Looking at the two brochures, she asked herself which would you rather buy from? Do you want to buy a motor, or do you want to buy safety and clean water for your family in the pool? "I am an engineer," she said, "I'm as geeky as the next guy. When I buy something I spreadsheet it to death. But I want my vendor to meet me half way."
We are too busy looking in the mirror-- marketing to ourselves in so many ways. But the decision makers wouldn't recognize an ultrasonic flowmeter if they tripped over it in the parking lot. Yet it can do a tremendous amount for their business.
"When we shape our message around ourselves, we are doing a disservice to our customers!"
Jane referred to the
Marketing Leadership Council for best practices, tools, and networkng for the world's leading marketing executives. She recommended people check out this organization and join.
She talked about a Whirlpool case study she saw there. Whirlpool was struggling with the problem that their product focused marketing could not differentiate the product from their competition.
They were able to differentiate themselves by producing the Duet laundry: a combination washer/dryer. She illustrated by showing a conversation between the product manager (very spec focused) and the brand marketer, who was holding his head in his hands, trying to figure out how to make it meaningful to his customer. What the brand manager came up with was "16 pairs of jeans." That's how those specs translate into a message that reaches the heart of the people who will buy the product.
The challenge is coming up with the critical insight that allows you to position your product in such a way that you can translate the product specs into the message that makes people buy.
The challenge is to figure out what our "16 pairs of jeans" is, and then
Execute, execute, execute.
We don't seem to have the discipline necessary in the automation industry, to engage in the relentless execution necessary to make this kind of marketing work.

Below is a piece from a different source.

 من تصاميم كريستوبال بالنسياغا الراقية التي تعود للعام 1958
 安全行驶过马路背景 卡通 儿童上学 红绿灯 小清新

But your pushback is going to be: you showed us consumer examples and there are differences between technology products and consumer products, and the purchase cycles are significantly different. Consumer products generally have simpler purchase cycles. But there are two really important similarities.
1. "The most important thing to learn from consumer branding is the unrelenting focus on the customer's perspective" -- Chuck Pettis
TechnoBrands
"You do this by knowing who your customer segments are and speaking to them in terms that are important to them." -- Jerry Gibbons
You don't do this by taking the picture of Mt. Everest and substituting "industry wall paper" like a refinery shot.
We have to go beyond the wallpaper, to the critical insight of connecting our technology to the business and emotional needs of the customer.
2. Pettis, again, "The technology industry has a lot to learn from consumer branding in gaining the discipline to work on annual and longer-term plans and make sure the measured objectives are met."
Coming from a product marketing background, she said, "I have been guilty of random acts of marketing. We all have been."
"We owe it to ourselves to turn marketing into a rigorous science, like operations, or logistics. There are key metrics that our CEOs are tracking, but where are the marketing metrics other than sales?"
Where does this fit in the marketing work flow? If you define this "sweet spot" ahead of time, you don't commit those random acts of marketing. When you know what your center point is, the rest of your marketing plan is easier. When you know where you are going, you have a way to benchmark and yardstick all of the ideas and strategies. You can define not only what you are going to do, but what you are NOT going to do.
Creating High Impact Marketing
--cultivate industry sounding boards
--trust your agency
--ask your product manager, "So?" at least three times
--create a spirit of collaboration
--be prepared to put in the time
--show it to your mother
--execute with discipline
This delivers not only high impact marketing but also high value marketing.
If you guys raise the bar, I will call you and raise it again, because it is good for our customers.